Сидящий на месте водилы важный Леха тоже не удержался от смеха. Сначала прыснул, а потом откинул голову на кожанный подголовник и, дав себе волю, загоготал так, что задрожала стрелка на спидометре, хотя мерс был припаркован и не собирался никуда отчаливать.
Леха принарядился соответственно выросшему авторитету. Куртофан кожаный, да не такой, как прежде, а настоящий «Мульти питон», рубашка цвета сушеной конопли за две сотки баксов в «Пакторе», на туфлях тупорылый носок блестит зеркалом. А дядька Макар прикид менять не стал, как был босяк, босяк и остался.

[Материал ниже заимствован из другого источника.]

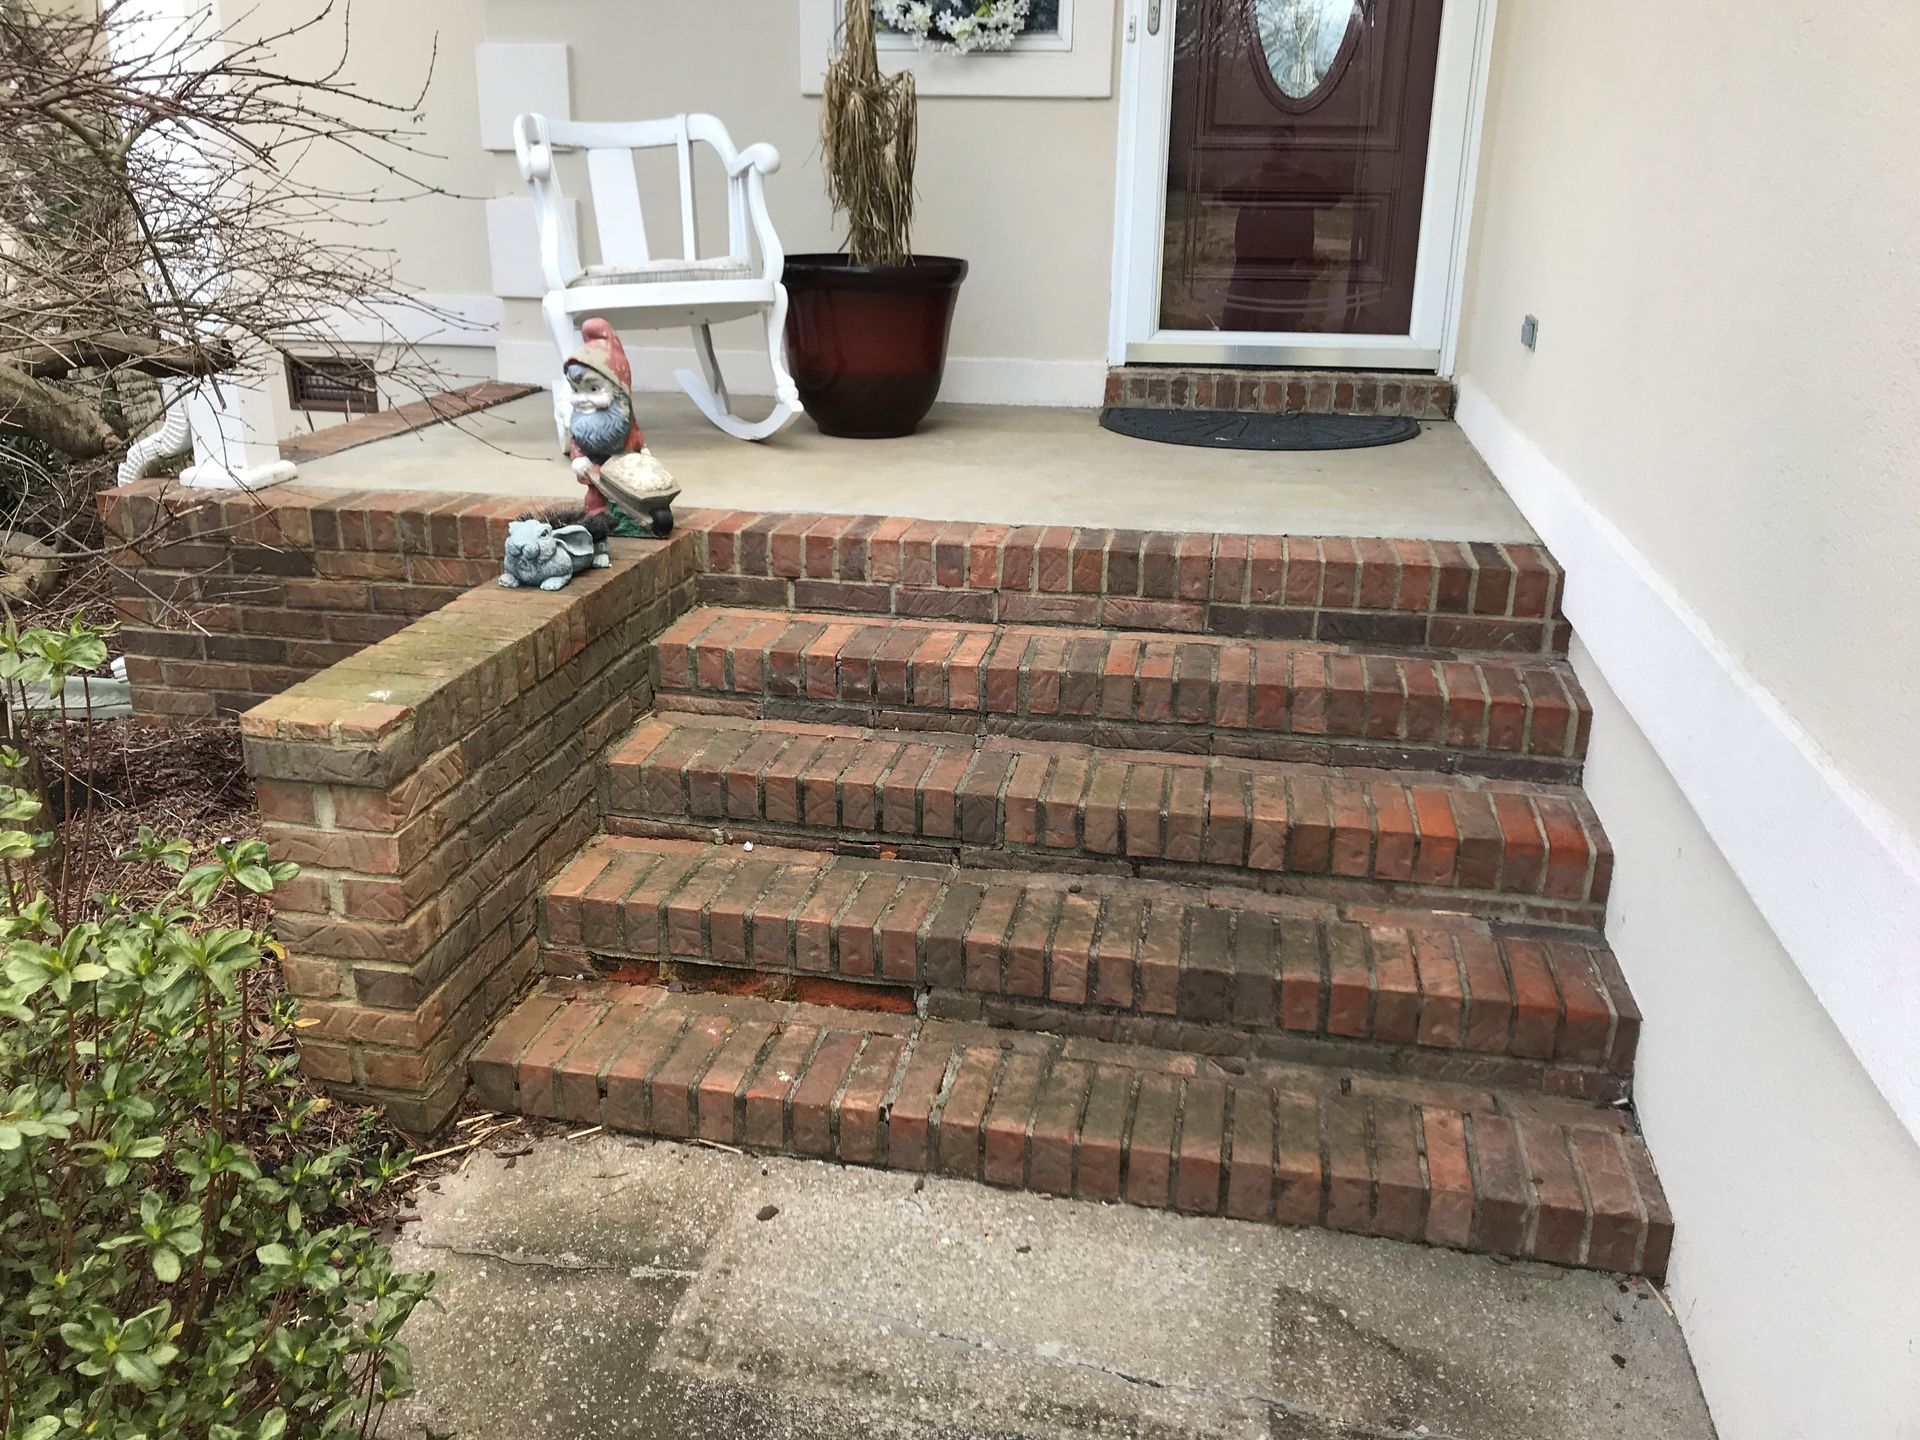 Before Expert Step Replacements

Мерс был припаркован так, чтобы через лобовуху наблюдать вход в помпезное здание «Мюзик-Холла». Не казино, а концертную часть, где сегодня афиши обещали финал конкурса «Мисс Петербург». Леха и дядька Макар дожидались своего командира, зашедшего доложиться о победах еще более важному начальству. Для виршевцев было откровением, что у Сереги есть более важное начальство.

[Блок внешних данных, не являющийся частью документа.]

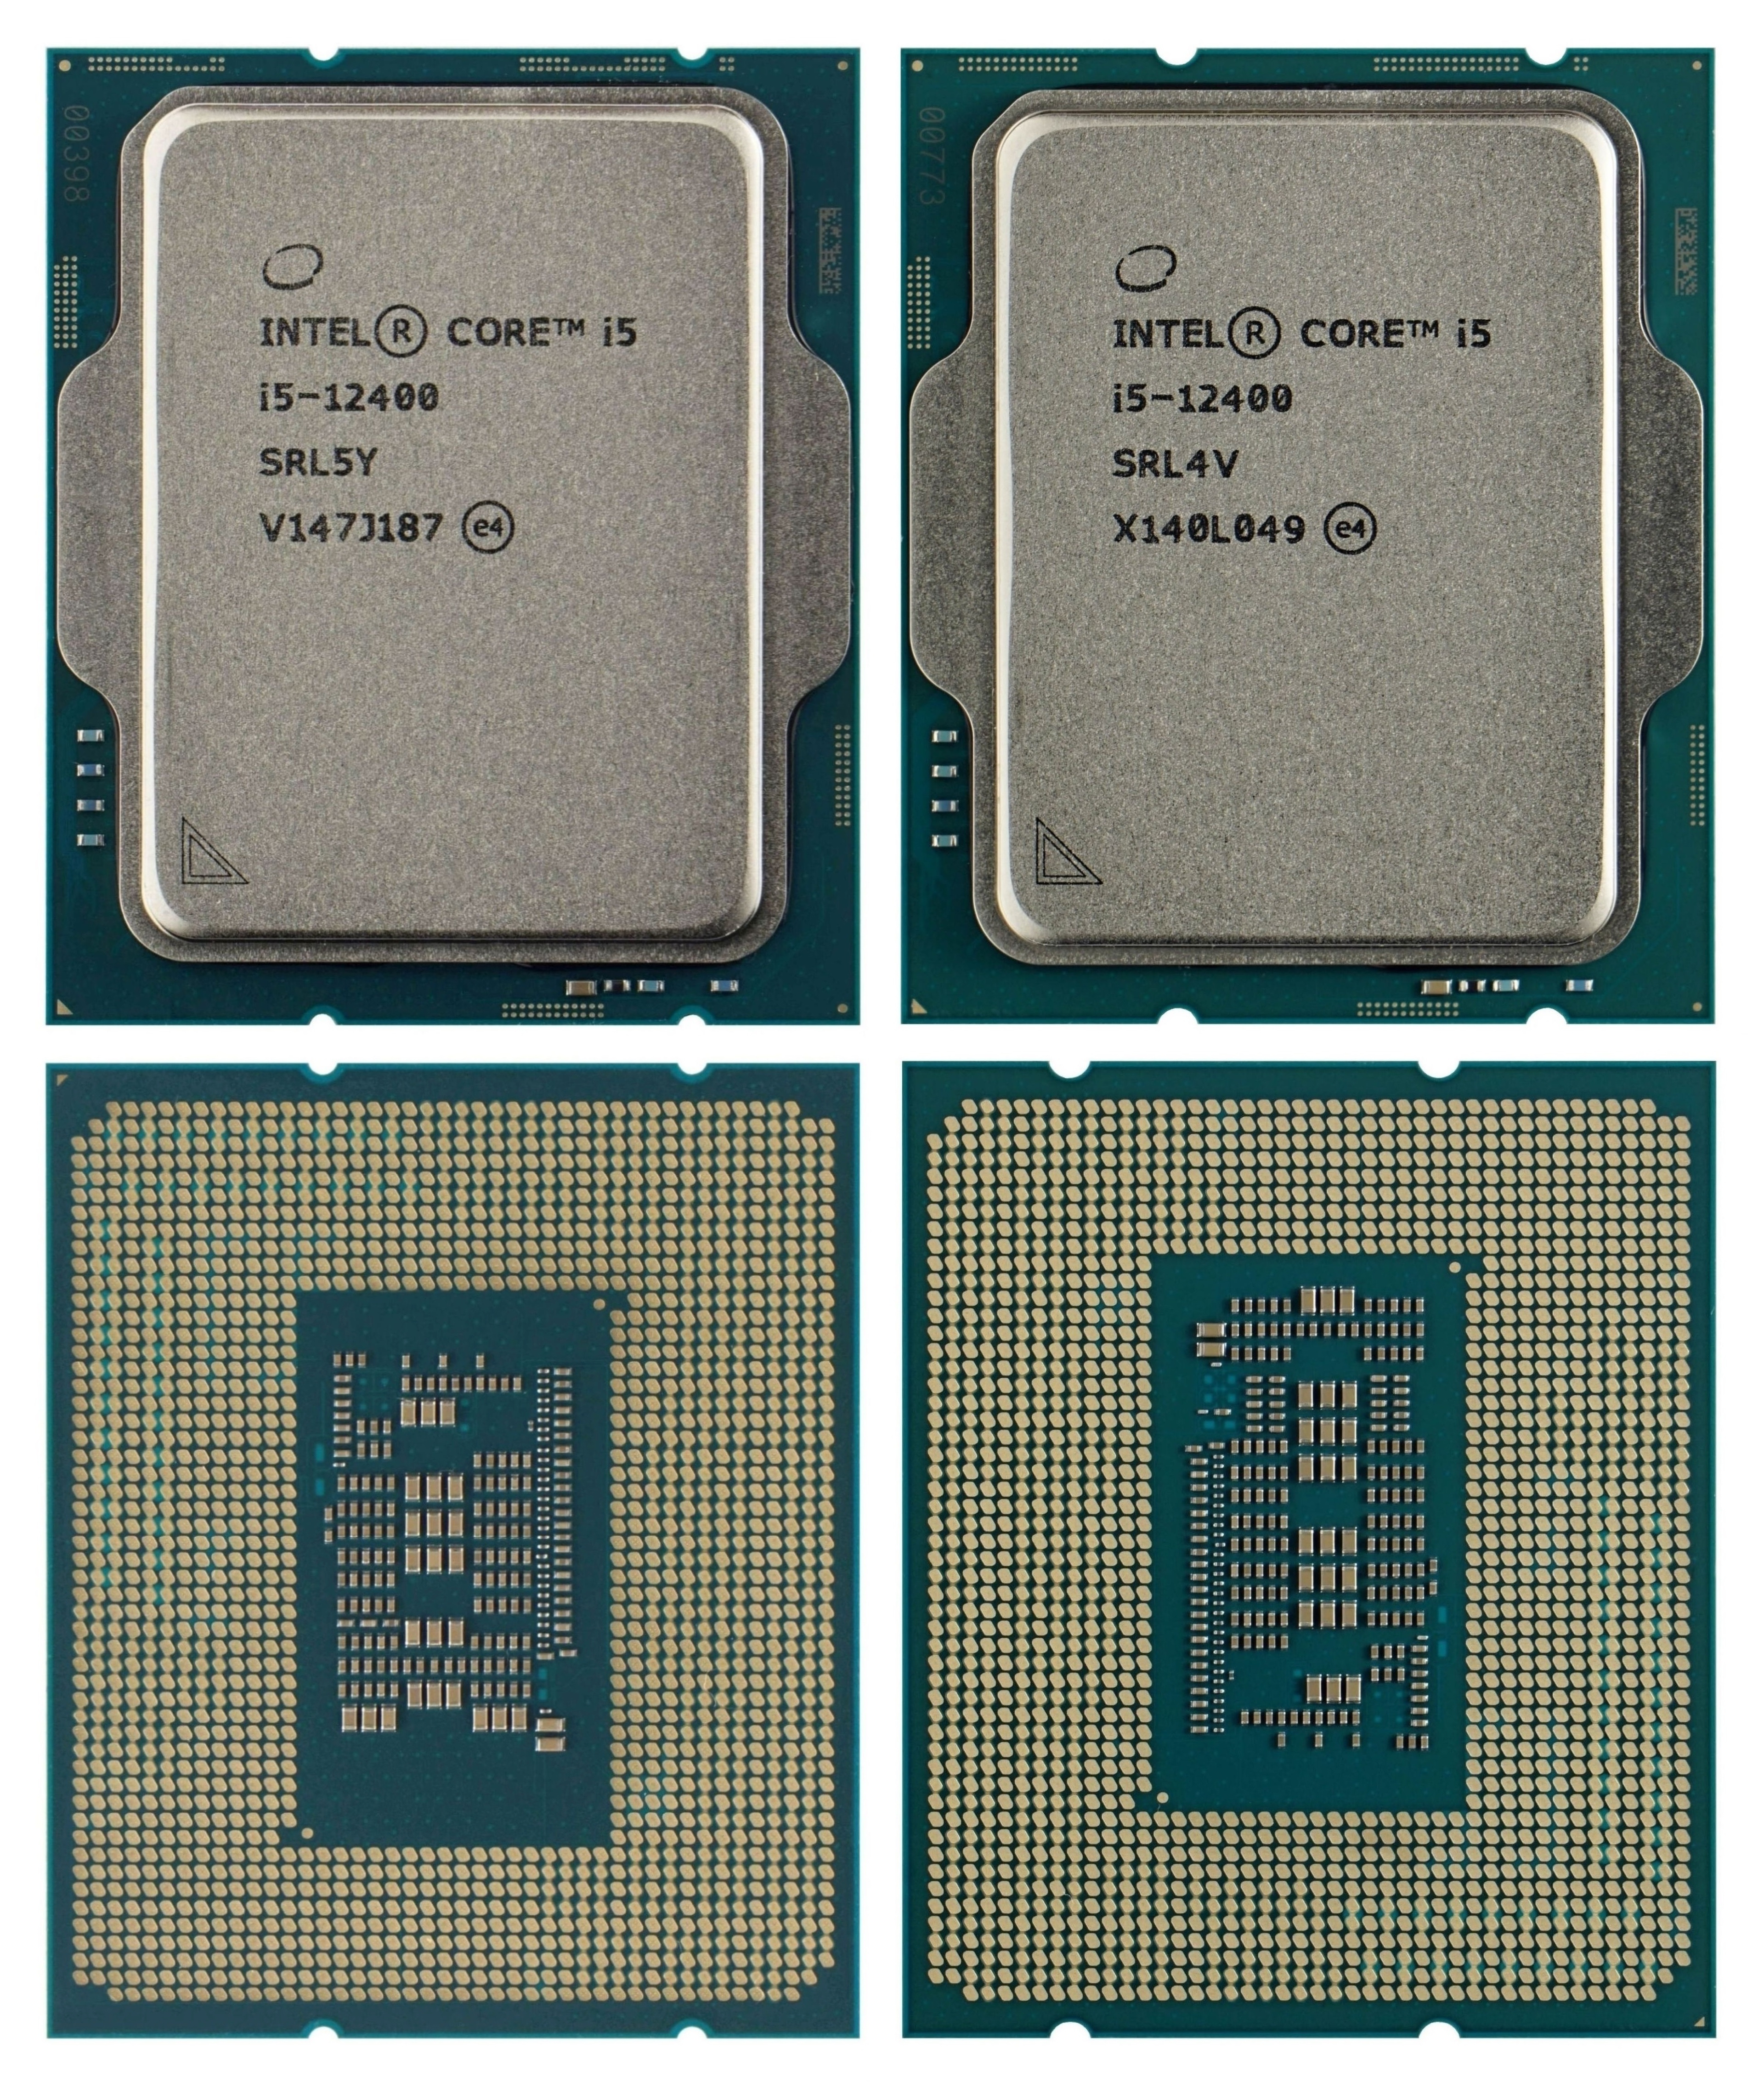 The same and yet different. Intel Core i5-12400 duel (H0 vs. C0)

Кто верховодил Сергеем Храмом, ни Лехе, ни Макару, естественно, по чину знать не полагалось. По этому они ждали снаружи, глазели на выгуливающих в парке потомство сиськастых мамаш и мирно дожевывали застряющие хрящами в зубах гамбургеры.

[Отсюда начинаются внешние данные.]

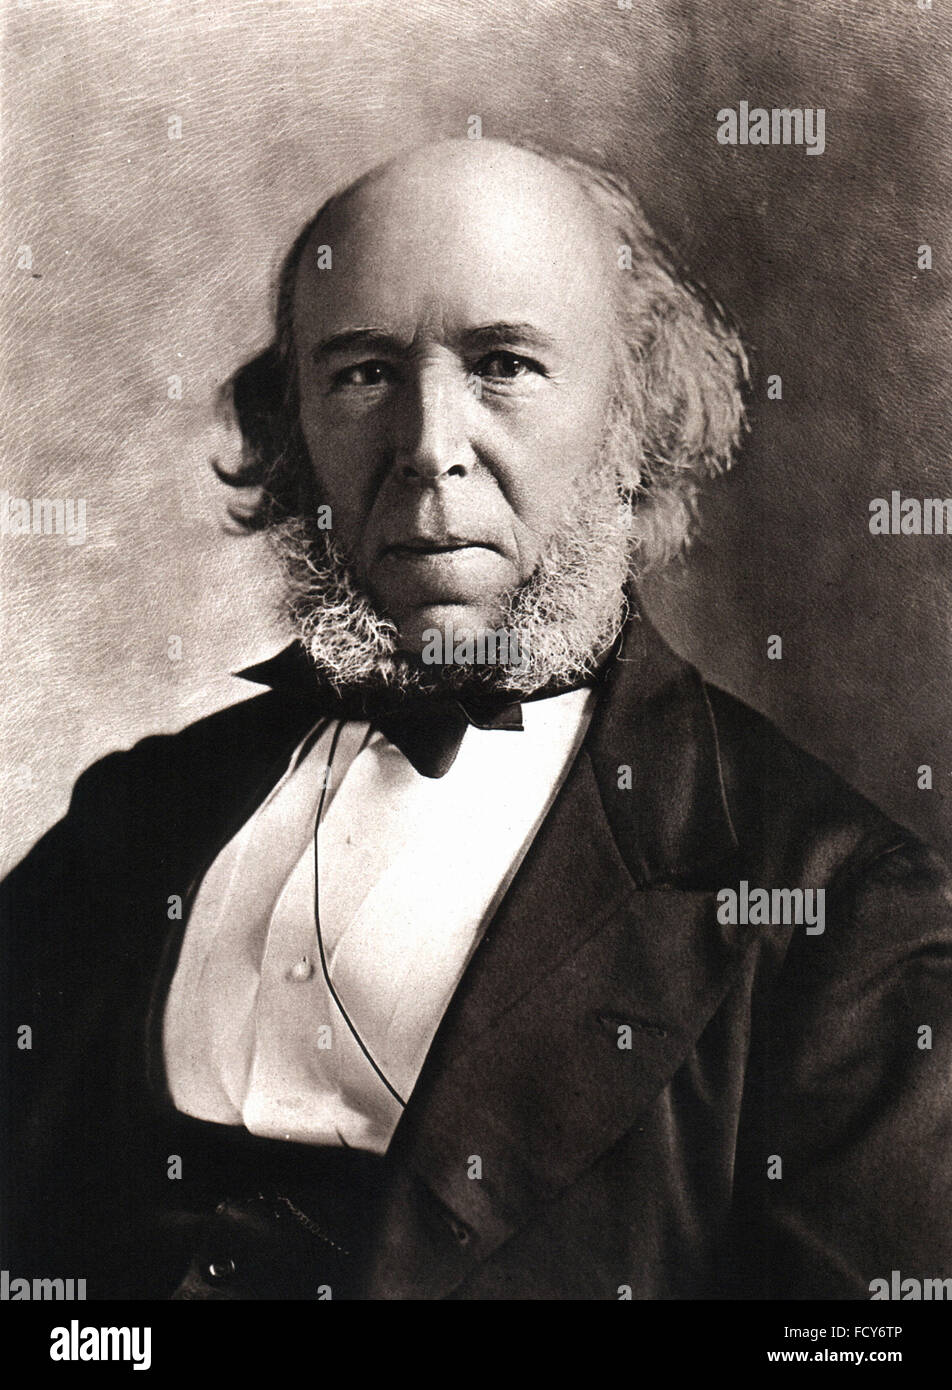 portrait of herbert spencer 1820 1903 physicist and biologist Stock Photo

Неожиданно в боковое стекло грюкнули костяшки пальцев. Леха и дядька Макар недоуменно переглянулись. Леха нехотя, но все равно с шиком, опустил стекло.
– А я гляжу, мерсюк-то знакомый! – весело гавкнул в салон внушительный шкаф, – Пацаны, вы ведь под Сережкой ходите? – харю детины, словно проказа во второй стадии, украшали три бело-розовых отметины. И тем не менее эта харя сияла солидарностью и радушием, как у зазывалы в подпольный притон где-нибудь в Бухаресте.
– Каким Сережкой? – сделалась невинной и одновременно удивленной рябая хитрая рожа дядьки Макара. Ушки на макушке.
– И что дальше? – бесхитростно выдал себя Леха, зато раздул грудь, типа он теперь крут, как бублик. И типа готов за все ответить, если что не так.
– Слышь, братаны, подсобите цветы донести. Я – кореш вашего Сереги, и мы с ним на одного дядю грядку пашем, – как к родным, очень душевно заканючил шкаф.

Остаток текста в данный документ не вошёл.